Sosyal Güvenlik Kurumu (SGK)’undan kısa süre sonra ortaya çıkacağını bildikleri halde acil ihtiyaç nedeniyle ölen birinin son maaşını çekenler parayı faiziyle geri ödüyor. Yetim maaşı alırken birkaç ay sigortalı çalışanlar da aldıkları yetim maaşlarını faiziyle geri ödedikleri halde, SGK’yı farklı şekillerde dolandıranların affedilmesi dolandırıcılığı teşvik etmek olup SGK’nın hizmetlerinin aksamasına neden olur. SGK’dan haksız para alanlar paraları geri versin! SGK hizmeti aksatırsa ki aksıyor, tüysüz yetim mağdur oluyor.
KYK öğrenci kredi ve harçları, iş bulamayan, çalışmayanlardan tahsil edilmişken, işi olandan tahsil edilmemesi hem eşitlik ilkesine aykırı, hem de adil değil. Ya işsizlerden tahsil edilen kredi faizleri iade edilsin ya da iş bulup çalışanlar geri ödesin. Ödemek zorunda bırakılanlar enayi durumuna düşürülmesin.
GSM kuruluşlarının sözde alacaklarının çoğu haksız kazançtır, doğrudan silinmelidir. Yeterince haklarını arayamadıkları için aboneler borçları olmadığı halde borçlu gösterilmişlerdir. Düzmece borçları ödemek yerine; devletin hukukçuları usulsüz borçları inceleyerek silinmesini sağlamalıdır.
GSM veya internet şirketinin teklifi üzerine; abone aynı şirketin başka bir paketini alıyor ve yeni modem takılıyor, ancak eski modemin daha sonra alınacağı söylendiği halde alınmıyor. Eski modem alınmadığı için aynı adreste hem eski hem de yeni abonelik için fatura düzenleniyor.
Aynı adreste aynı şirketin farklı iki aboneliği için kesilen faturanın sebebi sorulunca modemin teslim edilmediği söyleniyor. Sonradan teslim edildiği halde çifte faturalandırma sürüyor. Eski modem teslim edilmemişse istenir, teslim edilemiyorsa modem ücreti alınır, iki farklı abonelik ücreti alınmaz, ama alınıyor. Mahkemeye intikal edenleri mahkemeler tahsil etmiyor reddediyor.

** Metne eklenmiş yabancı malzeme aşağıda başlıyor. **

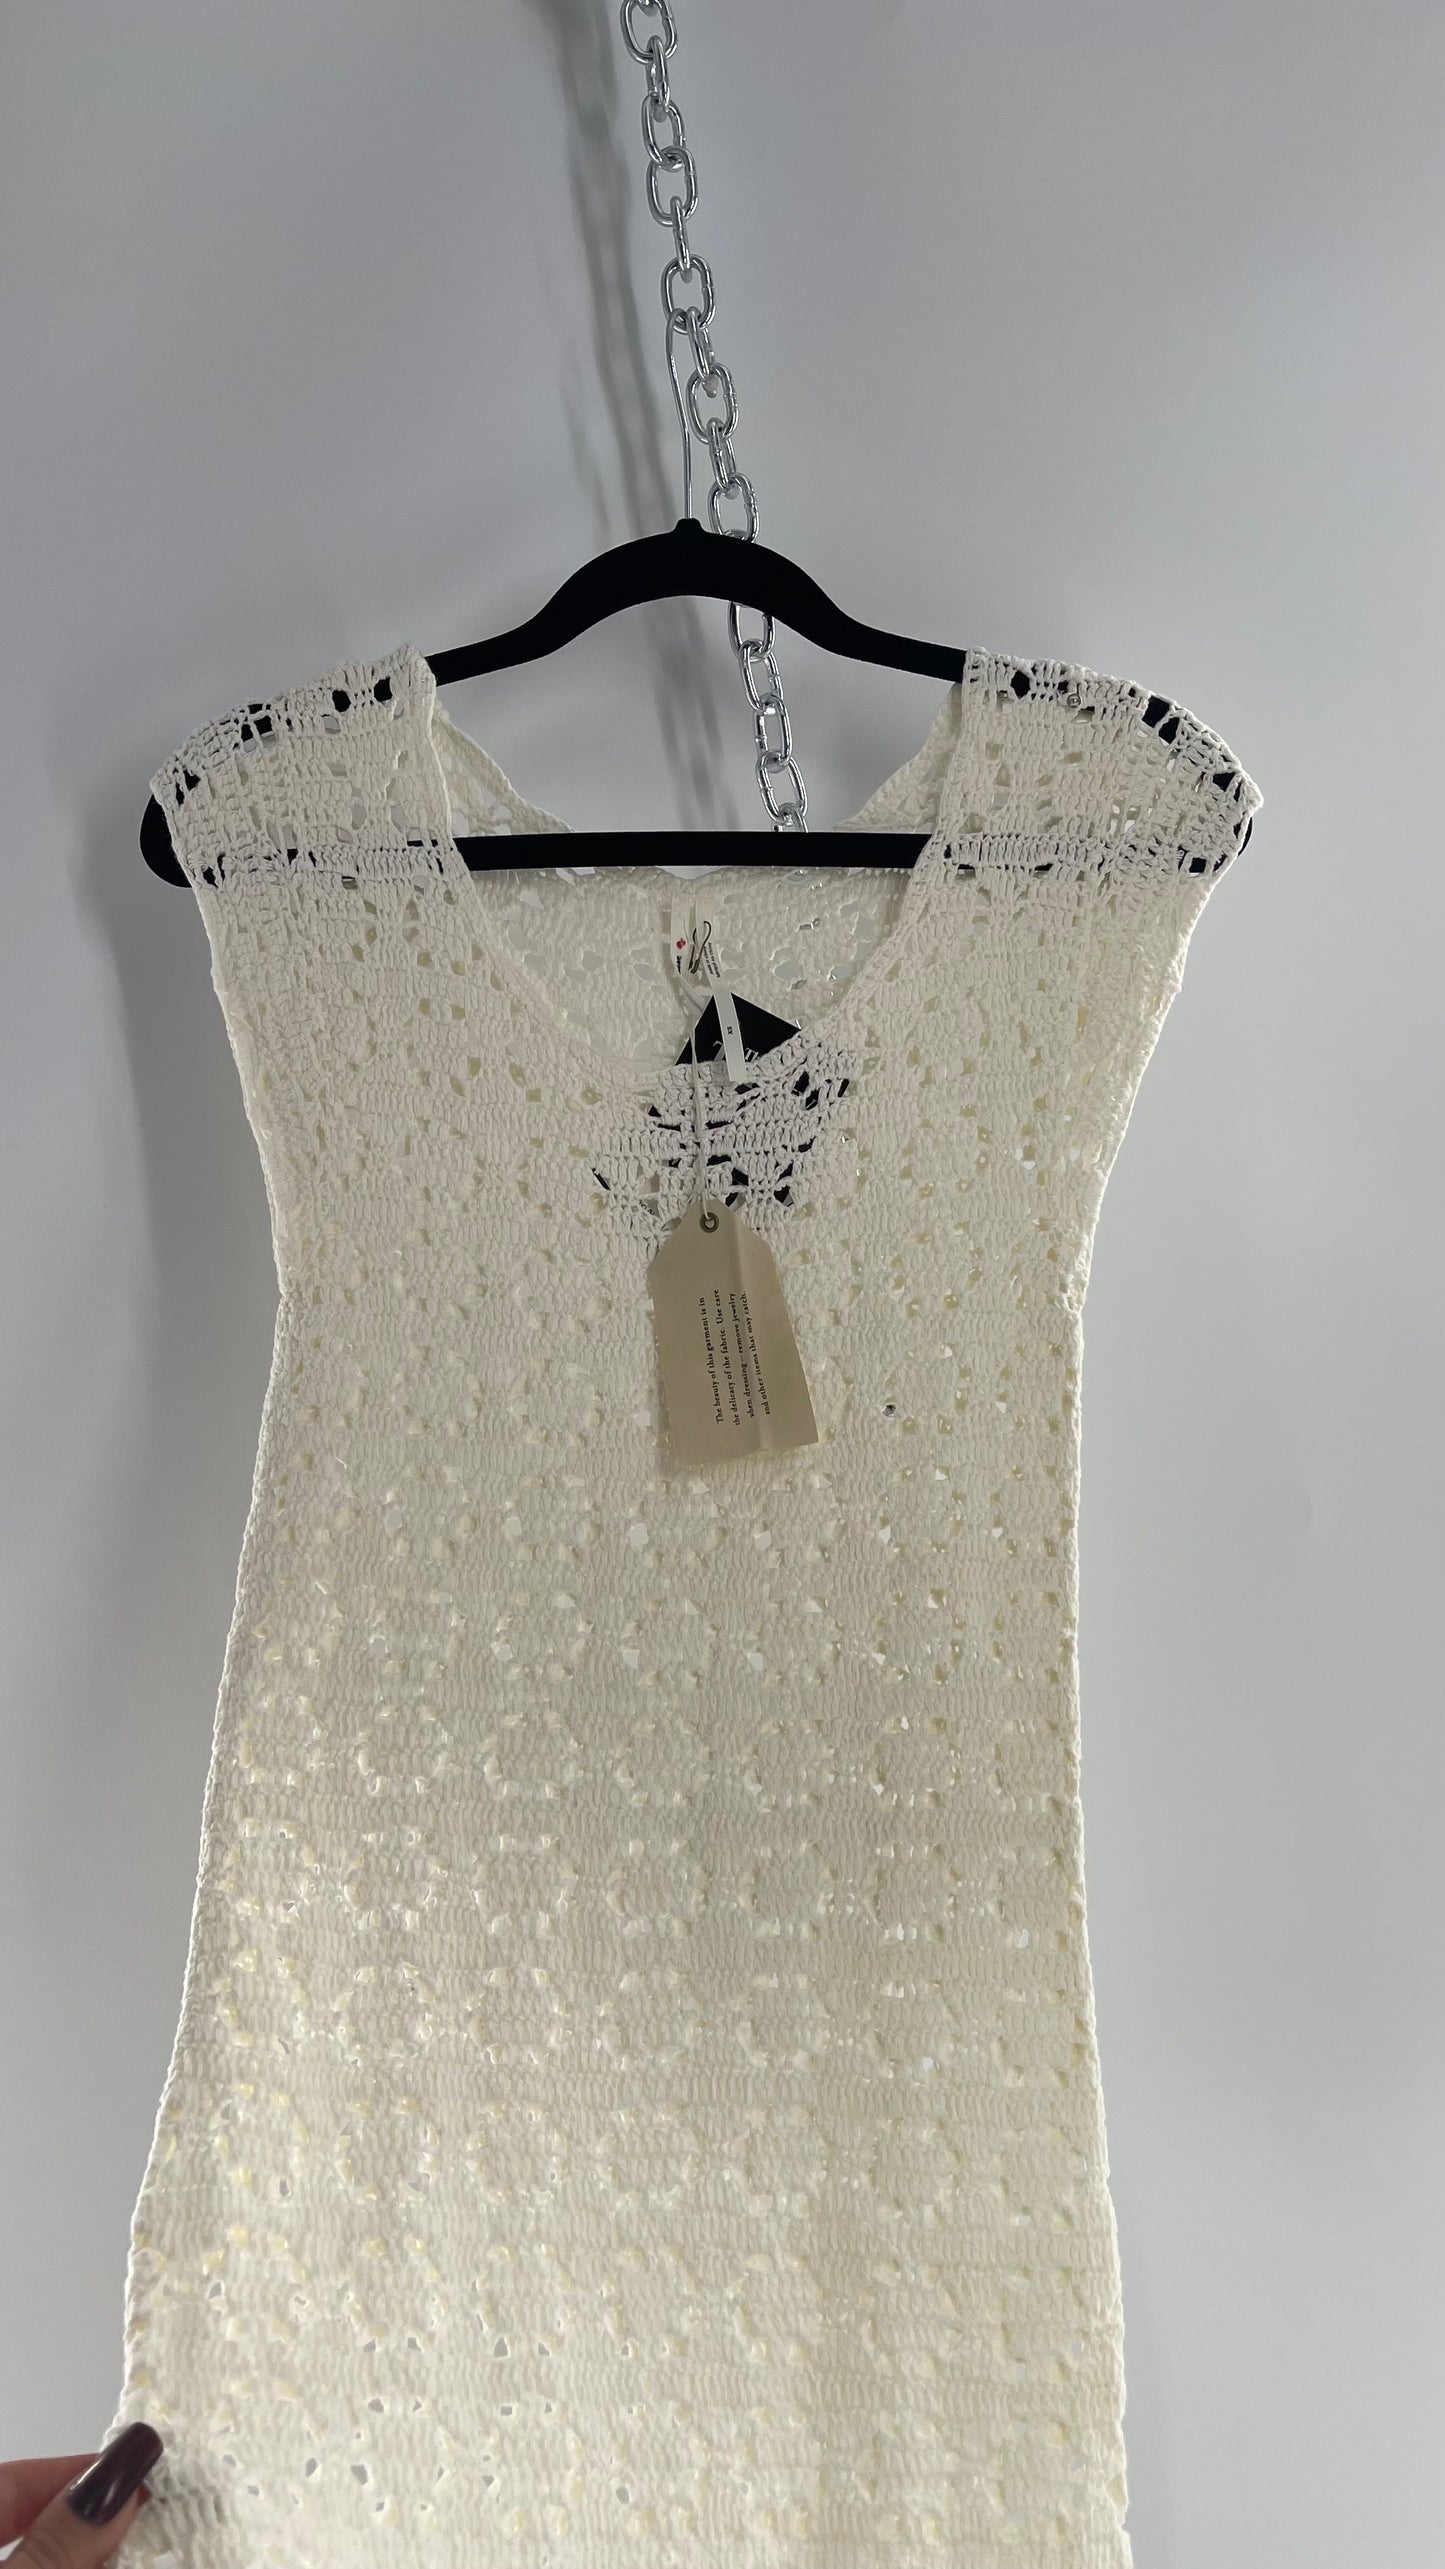 Anthropologie White Crochet Knit MIDI Dress with Tags Attached
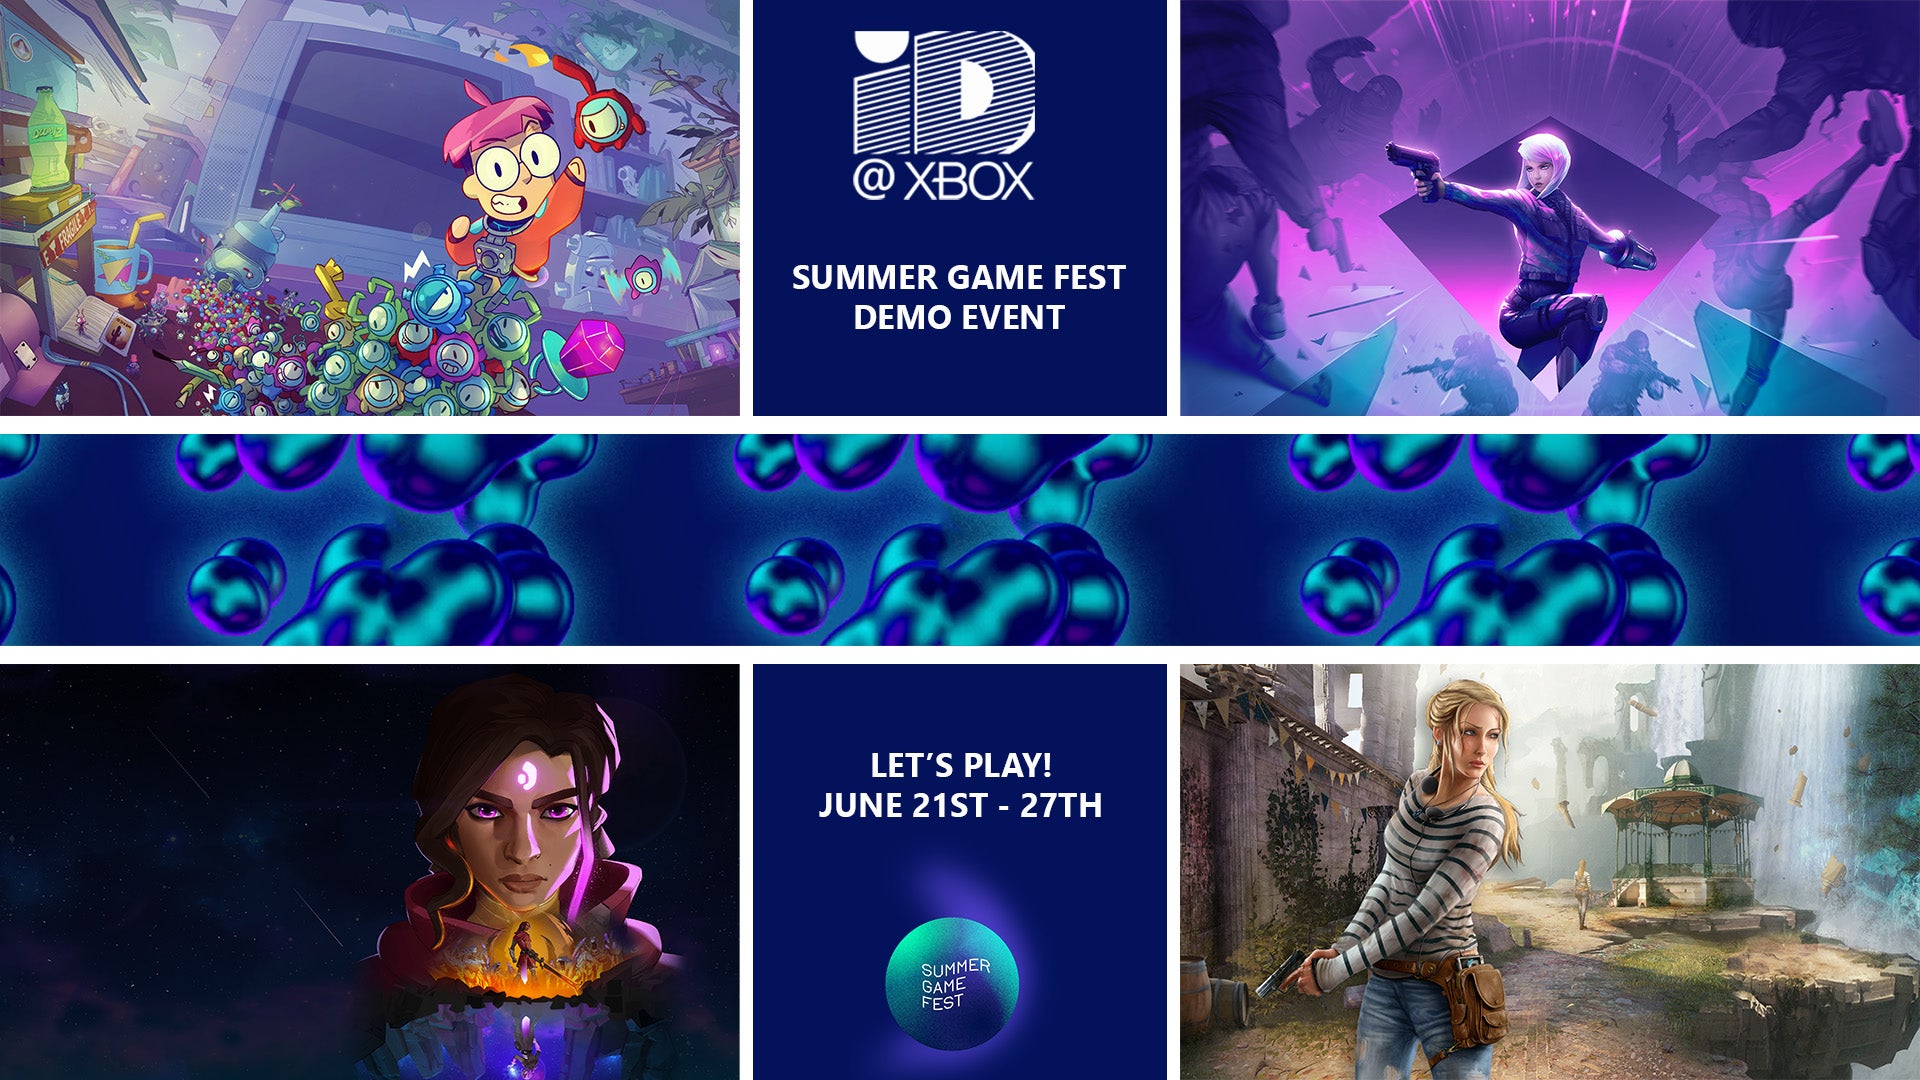 ID@Xbox's Summer Game Fest brings seven days of playable demos

Böyle borçların tahsili için mahkeme yerine varlık şirketleri tercih ediliyor.
Varlık şirketlerine devredilen sözde alacaklar, abonelere polis telsizi sesleri dinletilerek ‘Polis, hamal, çilingirle geliyoruz, kapıyı açıp ne varsa kaldıracağız’ denilip aboneler tehdit ediliyor ve tahsilat yapılıyor.
Samsun Telekom’da da bu yöntem uzun zaman kullanıldı, aboneler soyulup soğana çevrildi. Buna rağmen paralar Telekom’a değil varlık şirketlerine gittiği için Telekom zarar üstüne zarar etti. Bunar yapıldığı zamanda aynı yazıyı yazdım, ancak ilgililer üç maymunları oynadı.
Cumhurbaşkanı/AkParti Gen Bşk Erdoğan’ın yaptığı en adil düzenleme bu ve benzeri; 2000-2500 TL’nin altındaki borçların silinmesidir.